The task
The output must consist only of the lines from the one with "Newborn Baby Girls" through the end of the listing, restated exactly and free of pictures.

Data block
------------------------------------------------

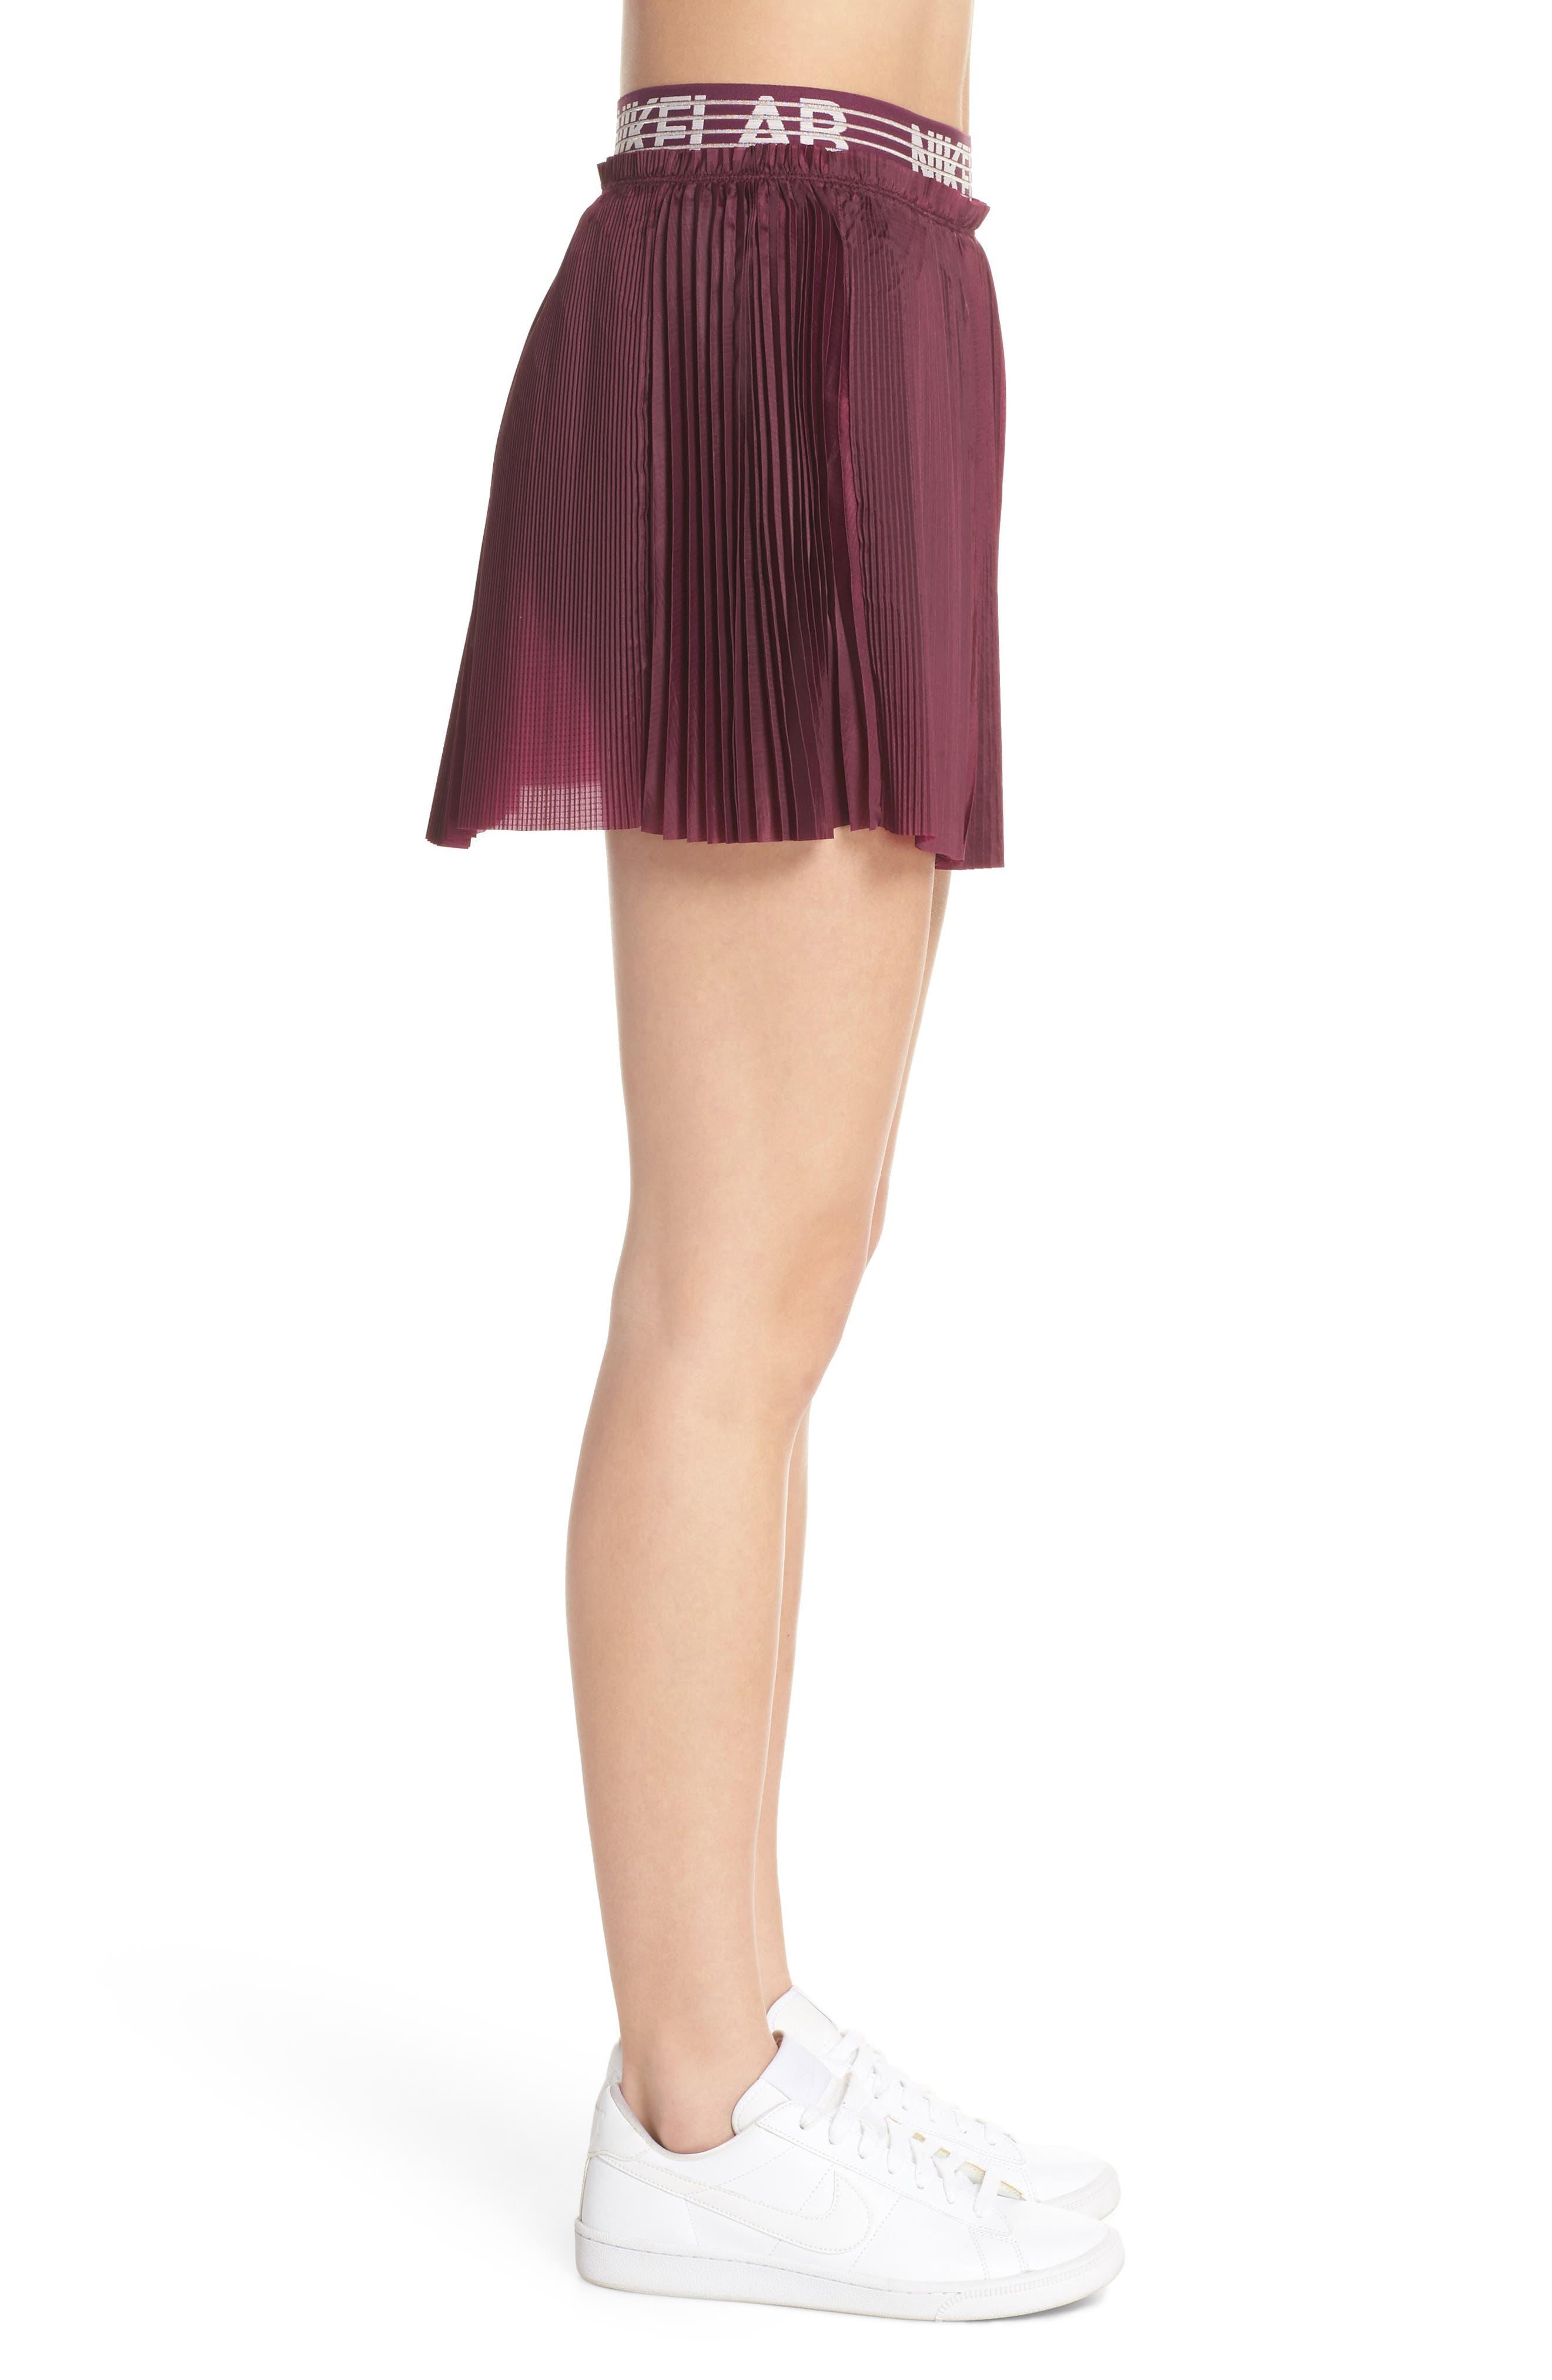 NikeLab Collection Dri-FIT Tennis Skirt,                             Alternate thumbnail 3, color,                             Bordeaux
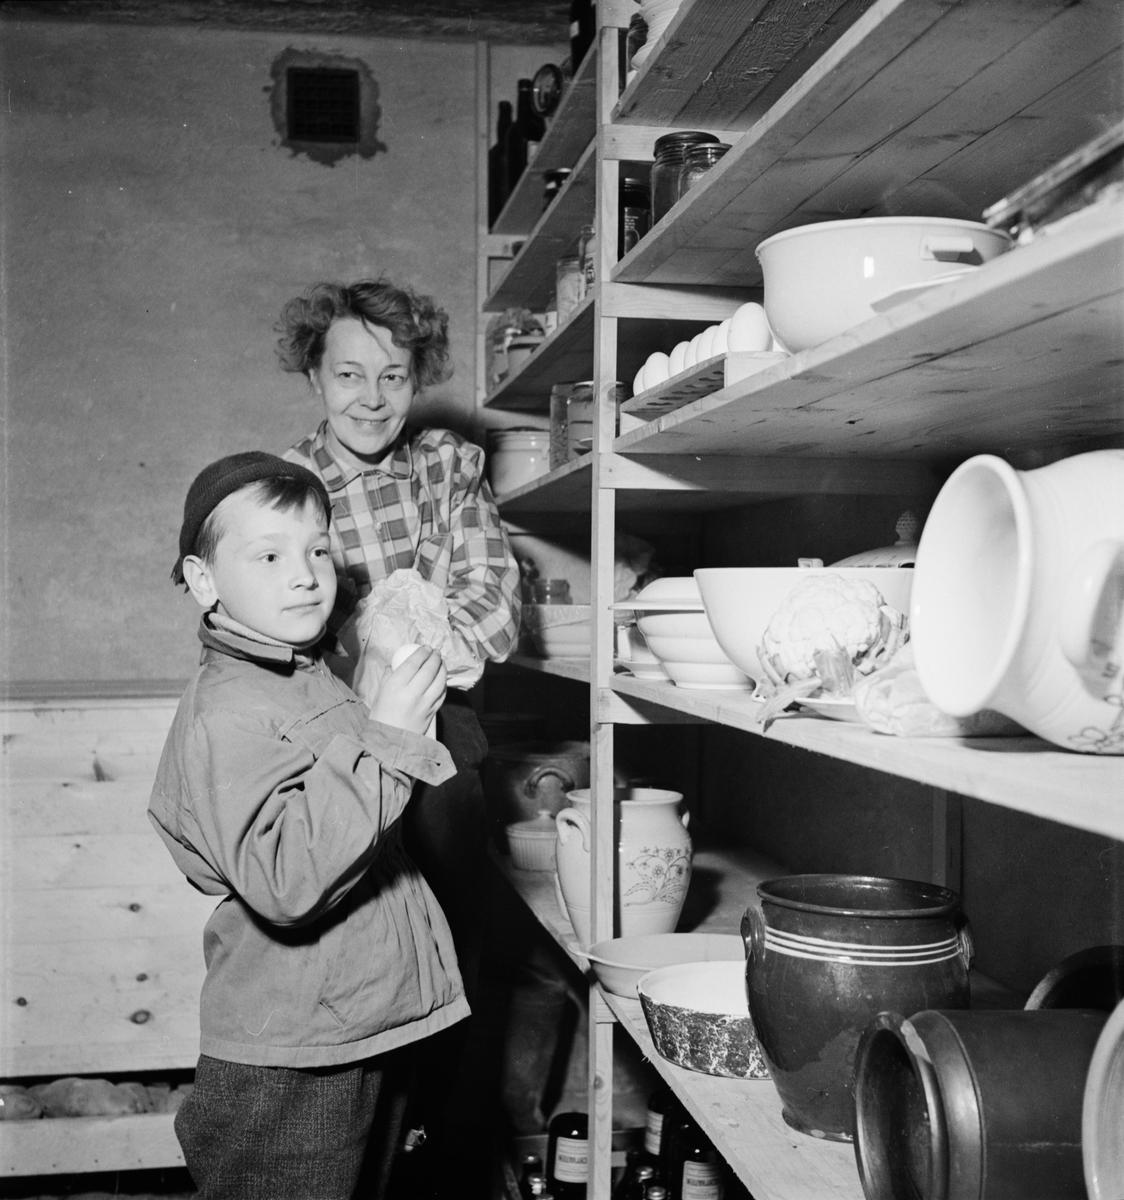 Matkällaren vid urmakare Hemlins sommarstuga, sannolikt Uppland, 1953
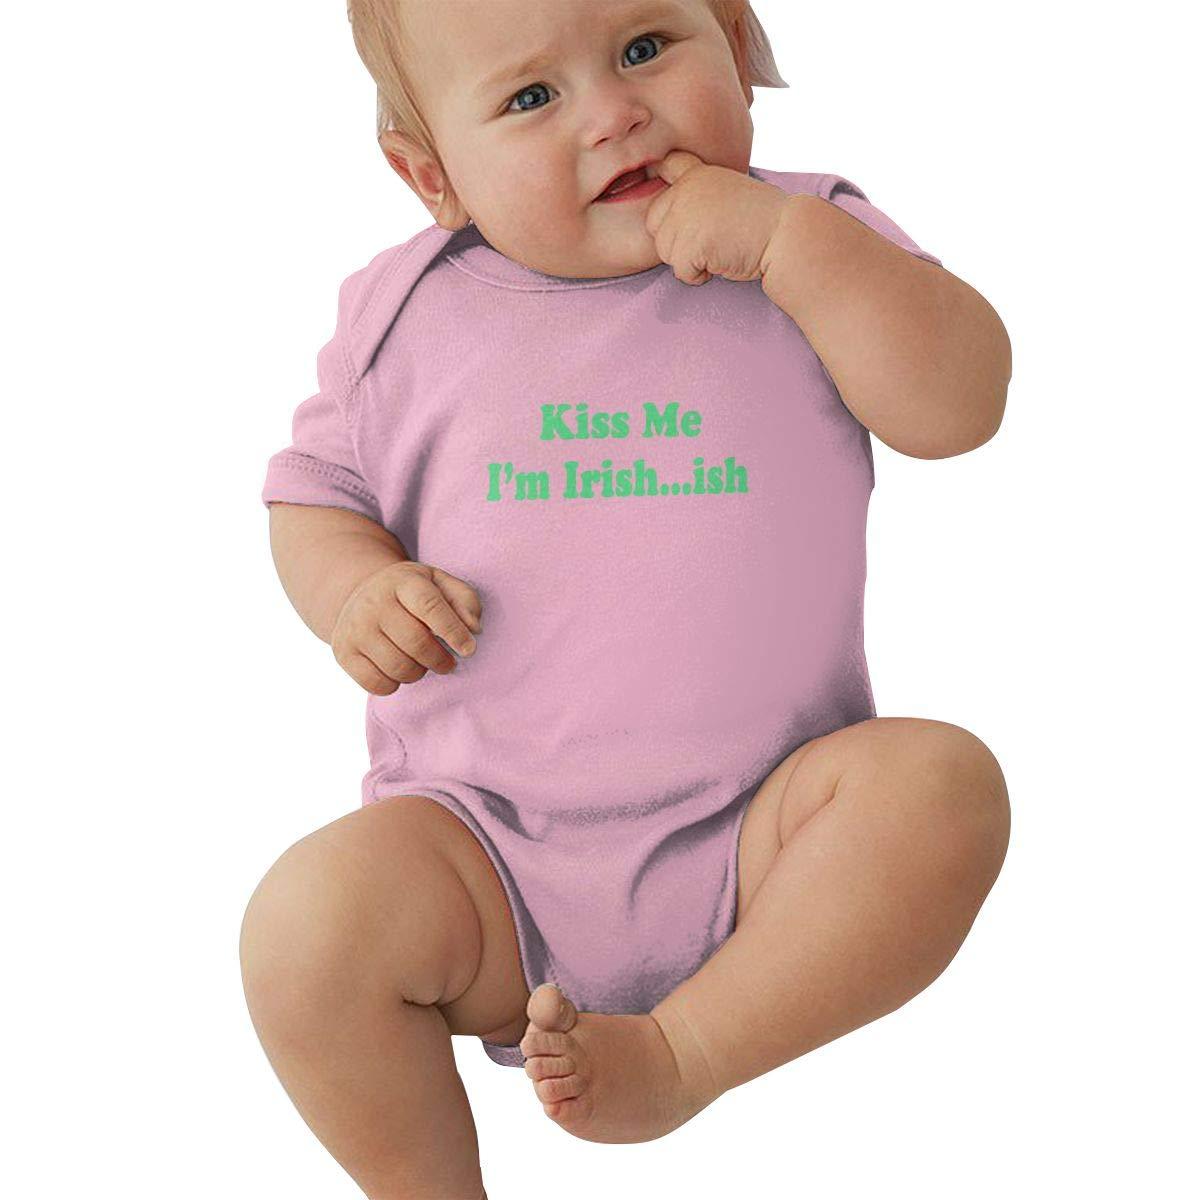 Newborn Baby Girls Bodysuit Short-Sleeve Onesie Im Irish-ish Print Rompers Autumn Pajamas
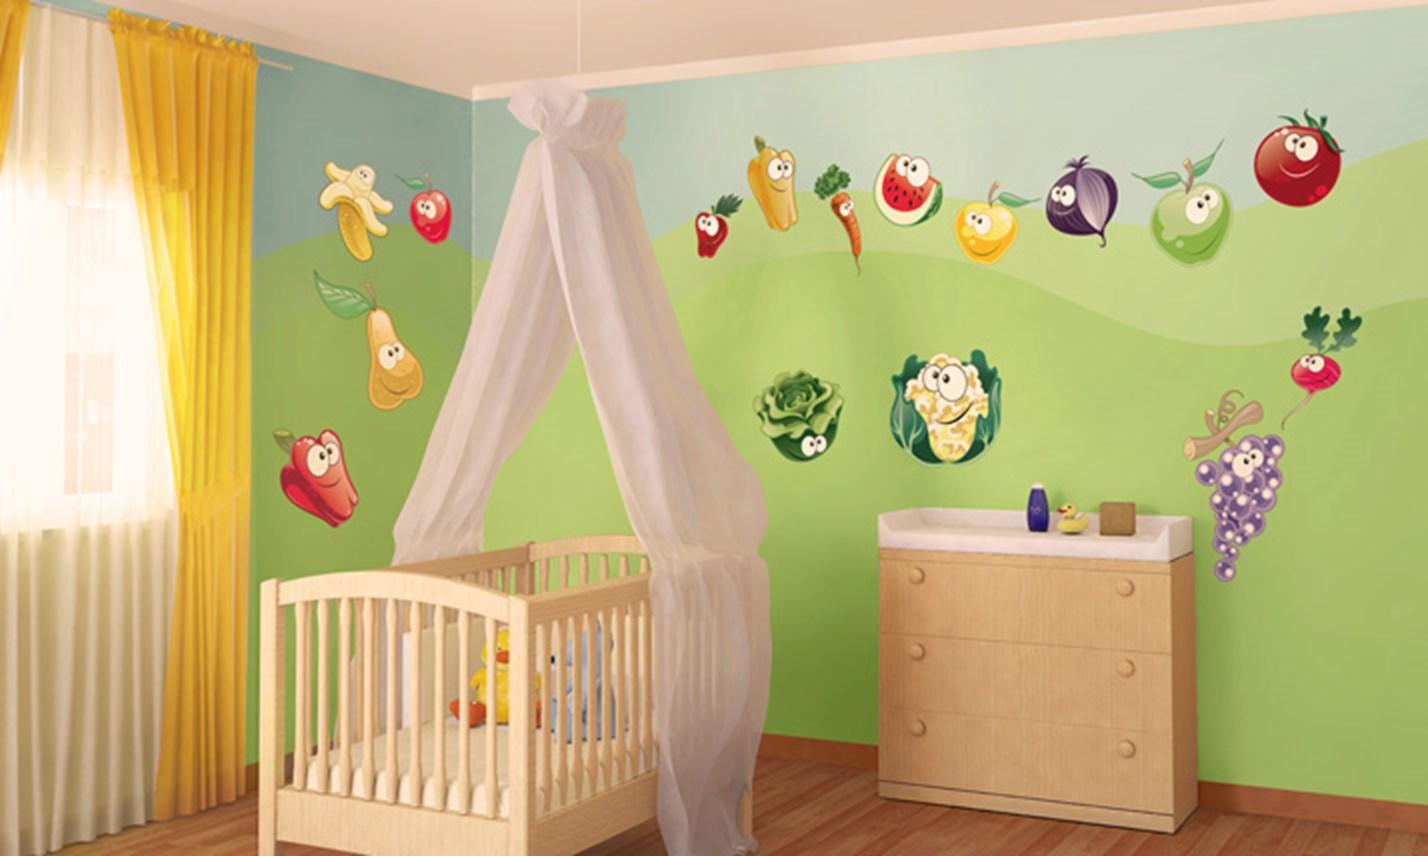 Cool decorare cameretta neonato with decorare cameretta for Decorazioni per camerette

------------------------------------------------

Exercise response
 Newborn Baby Girls Bodysuit Short-Sleeve Onesie Im Irish-ish Print Rompers Autumn Pajamas
 Cool decorare cameretta neonato with decorare cameretta for Decorazioni per camerette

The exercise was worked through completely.